* _Instructions to follow_:
Skip every picture, then write out exactly the lines of the listing below from the line that contains "tandcenter-logotyp" through the final line.

* _Data shown_:
<<<<

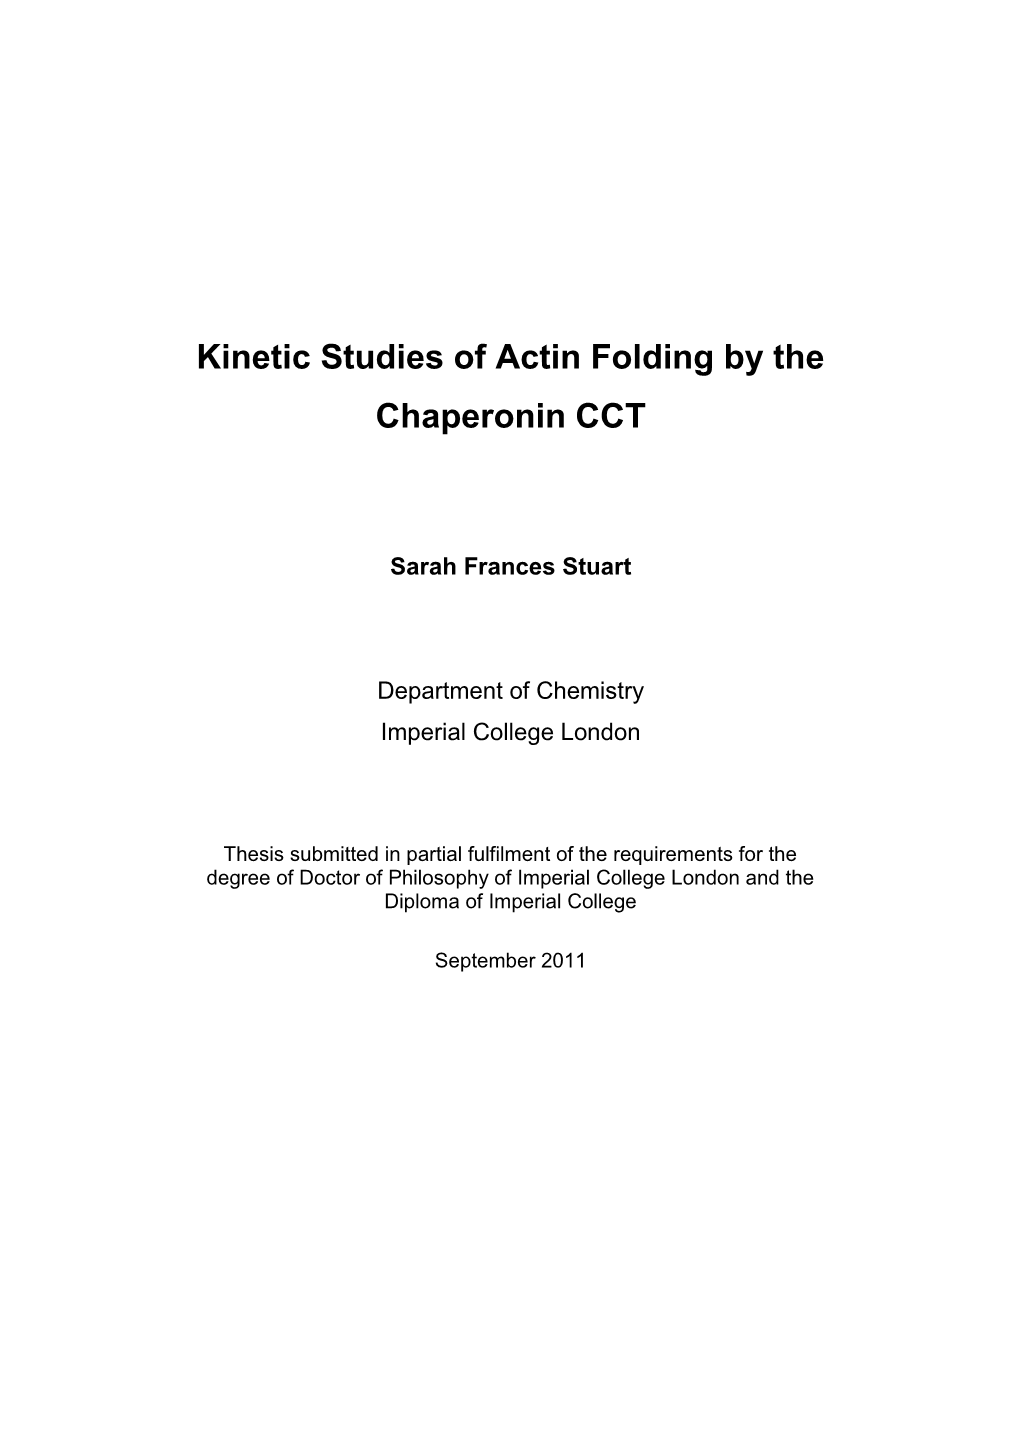 Actin Folding by the Chaperonin CCT
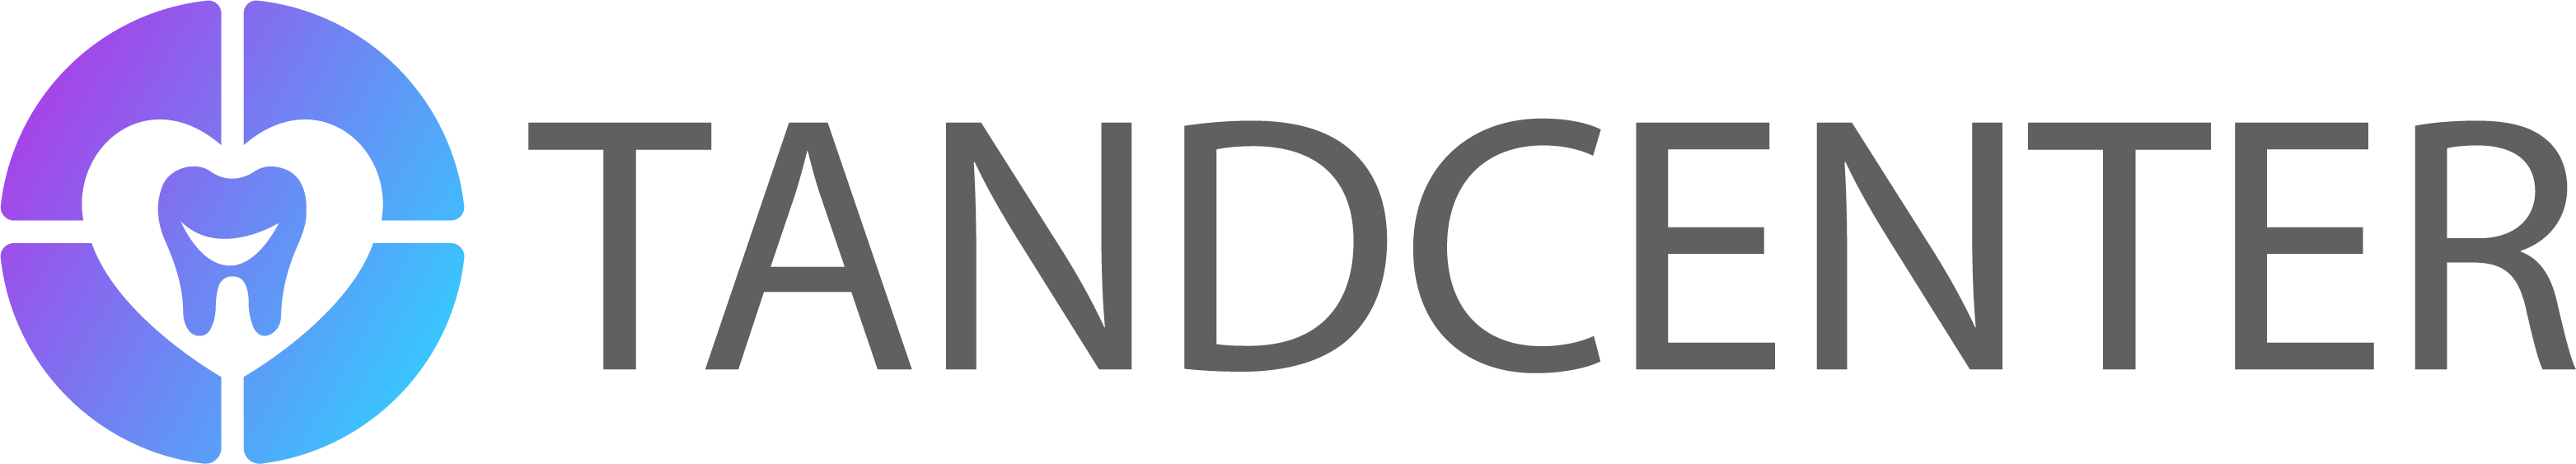 tandcenter-logotyp
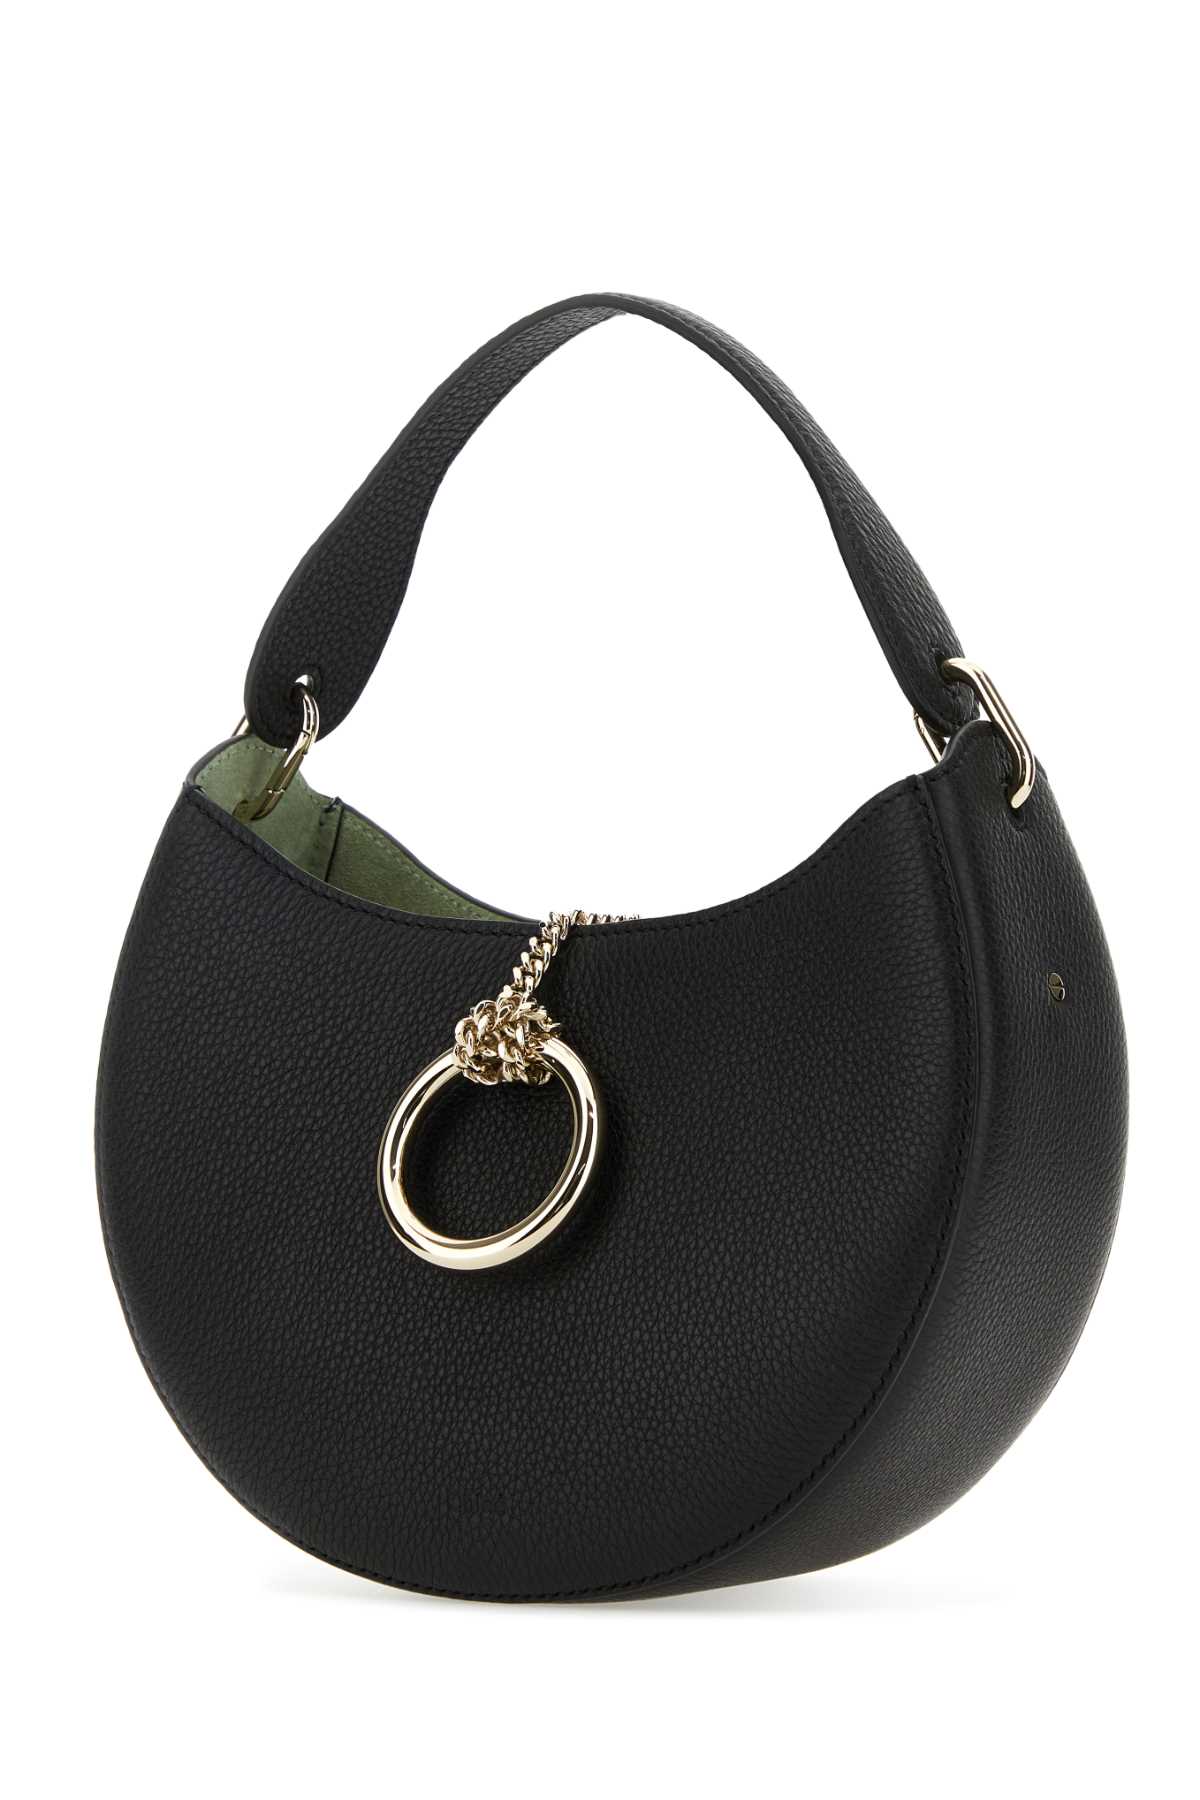 Chloé Black Leather Small Arlene Handbag

>>>>

* _Result of the task_:
 tandcenter-logotyp
 Chloé Black Leather Small Arlene Handbag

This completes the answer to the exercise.